The rate of cardiotoxicities was lower than in studies where patients received higher cumulative doses of doxorubicin (2, 5). Although presumably due to the use of dexrazoxane, this may also partly be explained by other factors, such as improvements in blood pressure management and lower rates of smoking since these earlier data. There have been more recent retrospective reports of administering high cumulative doses of doxorubicin with dexrazoxane. A retrospective study of 32 patients reported a median cumulative doxorubicin dose of 450 mg/m2 before adding dexrazoxane, and a cumulative dose of 750 mg/m2 after the administration of the last doxorubicin dose (21). In that study, two of 27 patients (7%) without preexisting major cardiac history developed anthracycline-associated cardiotoxicity, and the median OS from commencing anthracycline was 46 months. Similar to the current study, cardiac AEs due to high cumulative doses of anthracyclines were rare. A current prospective, noninferiority clinical trial is evaluating the role of dexrazoxane plus doxorubicin in patients with advanced sarcomas (NCT02584309).
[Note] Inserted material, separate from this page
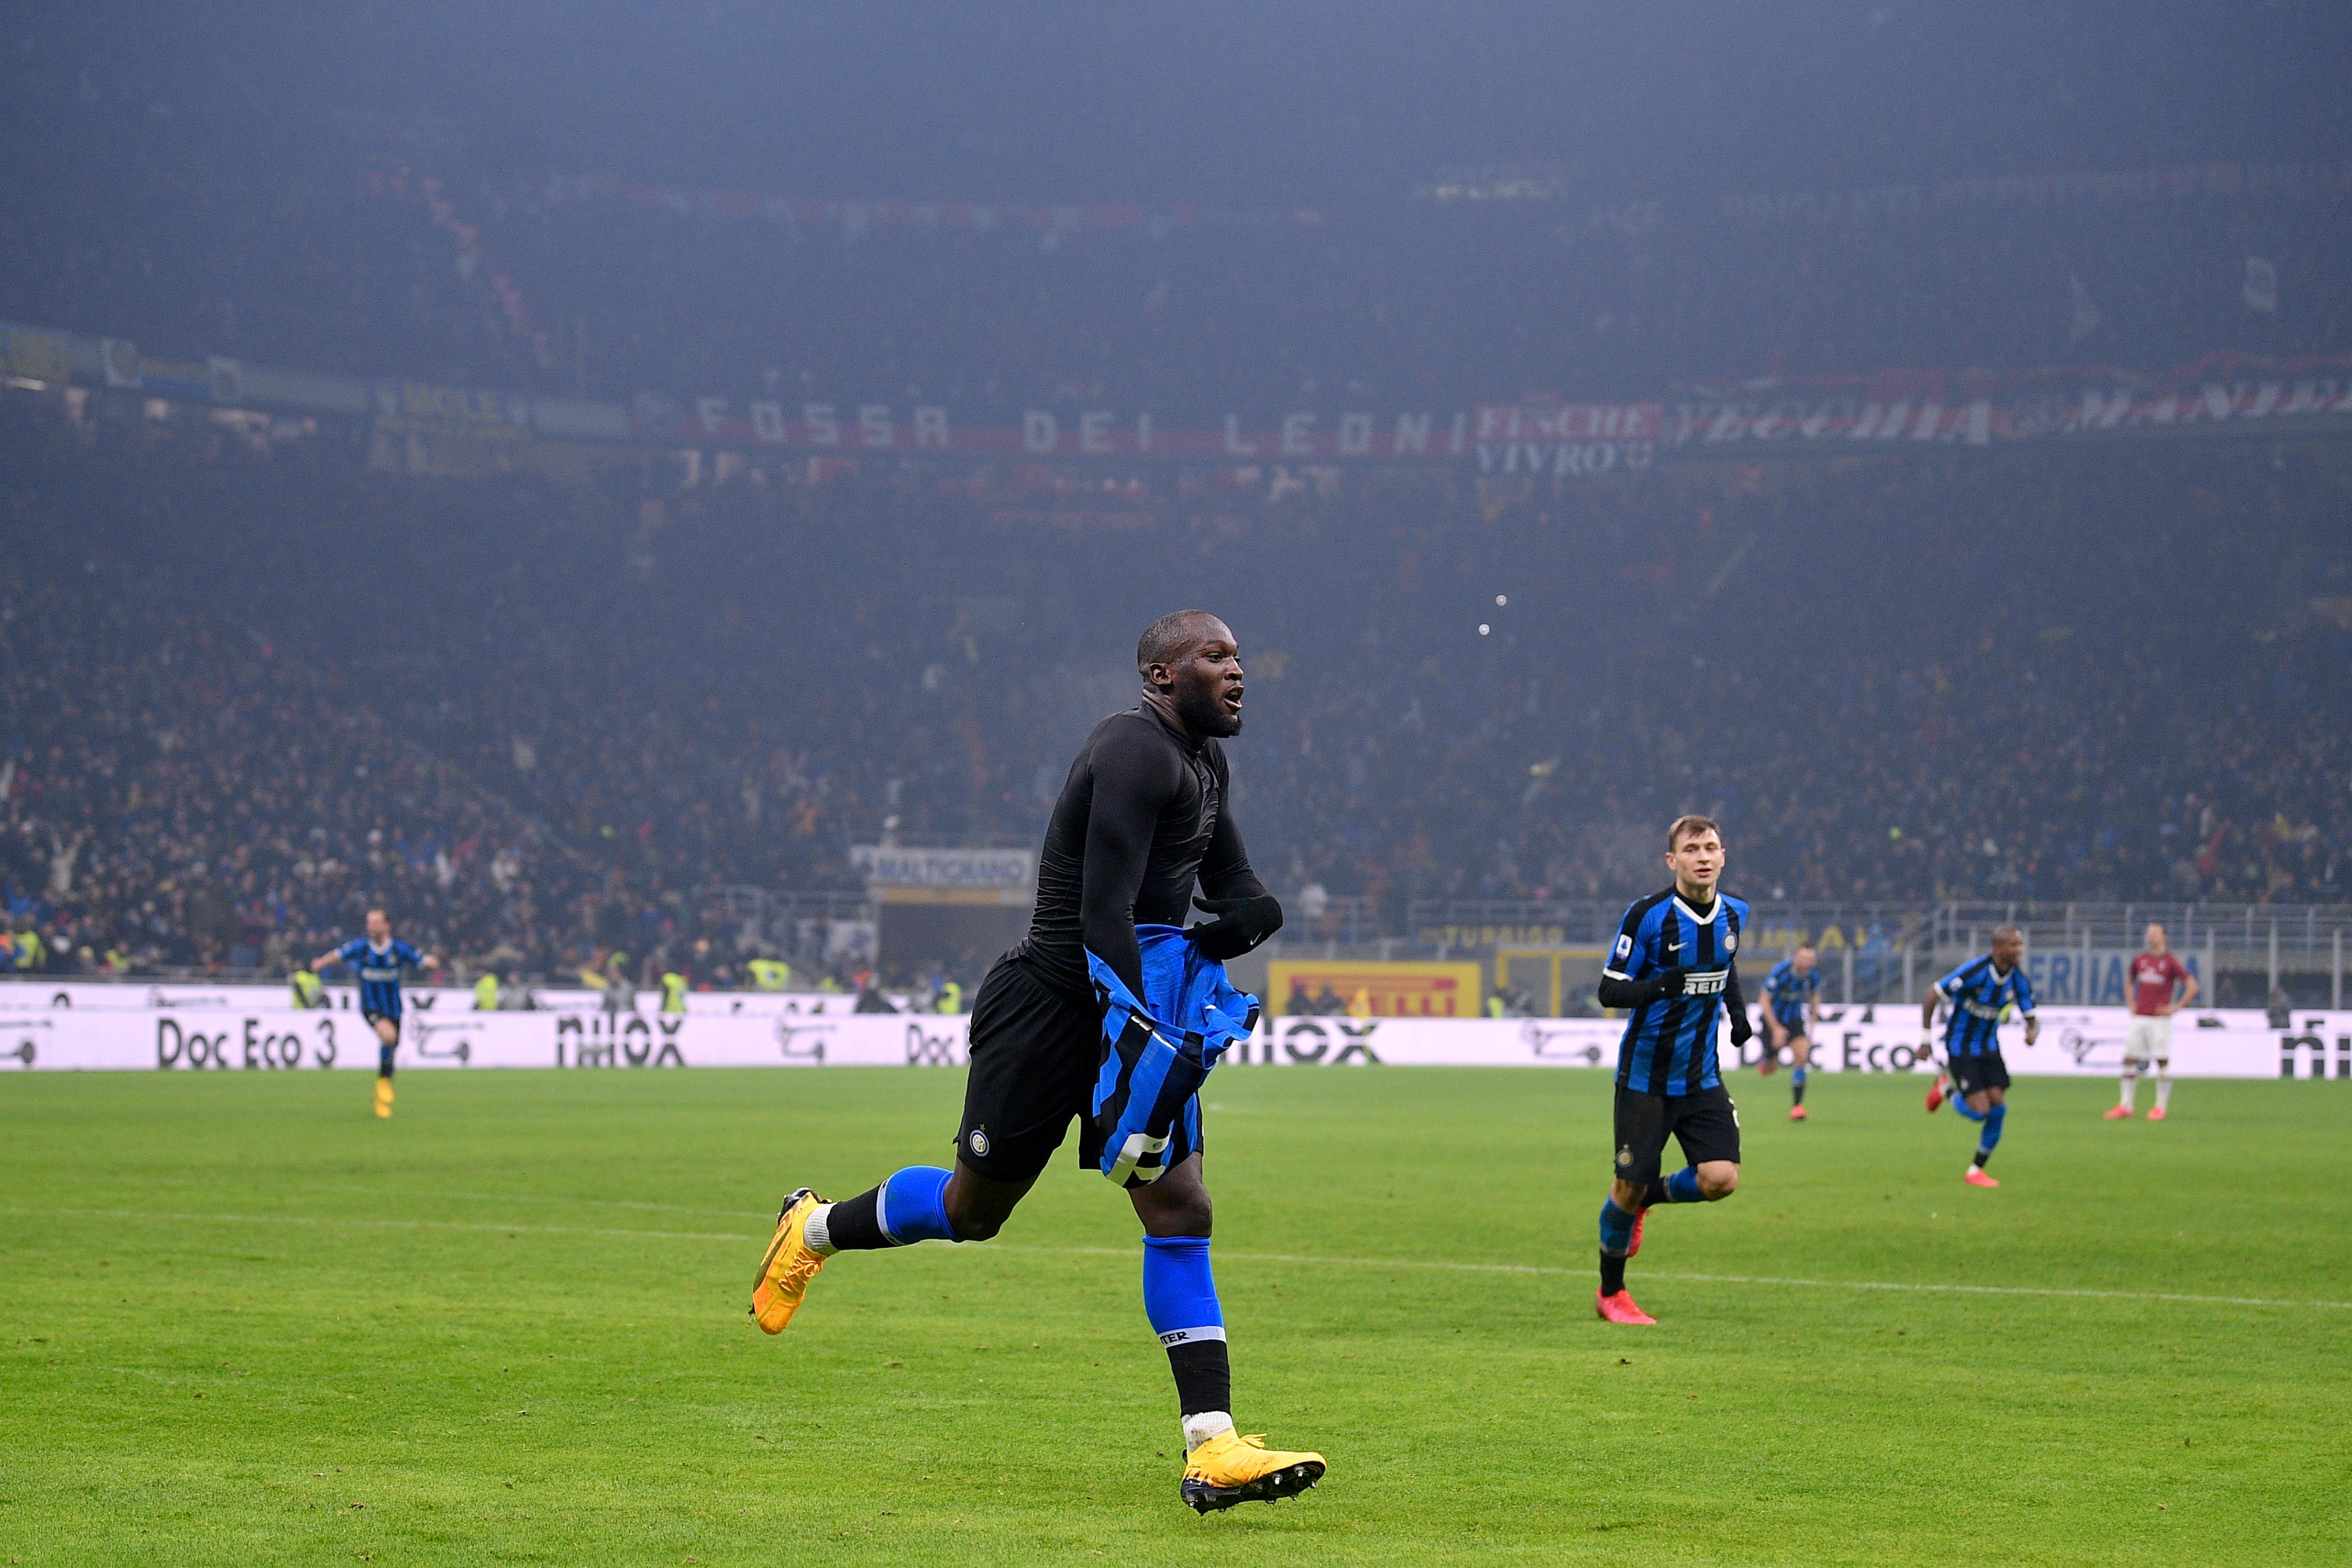 Internazionale v AC Milan - Italian Serie A

In an exploratory analysis, we found dexrazoxane use and timing were unlikely to impact treatment efficacy in terms of median OS and PFS. This is important and supports evidence that dexrazoxane does not impede clinical activity of anthracyclines (10, 13), considering a prior contrary report of lower doxorubicin efficacy in patients receiving dexrazoxane early in therapy (11). Preclinical data have indicated that dexrazoxane combined with anthracyclines may lead to a synergistic cytotoxic response in acute myeloid leukemia cell lines (22). In our study, greater efficacy was observed in patients treated with dexrazoxane, but we suspect that this is due to the longer duration of anthracycline therapy, with which investigators would add dexrazoxane at higher doses. However, synergy with dexrazoxane cannot be ruled out, and these hypothesis-generating data warrant further evaluation of dexrazoxane–doxorubicin schedules in sarcomas. The use and timing of dexrazoxane coadministration are highly variable in clinical practice because no specific guidelines are available. Physician choice to coadminister dexrazoxane may depend on whether the patient has a preexisting cardiac history, prior administration of anthracyclines, or is reaching the anthracycline cumulative dose limit (21).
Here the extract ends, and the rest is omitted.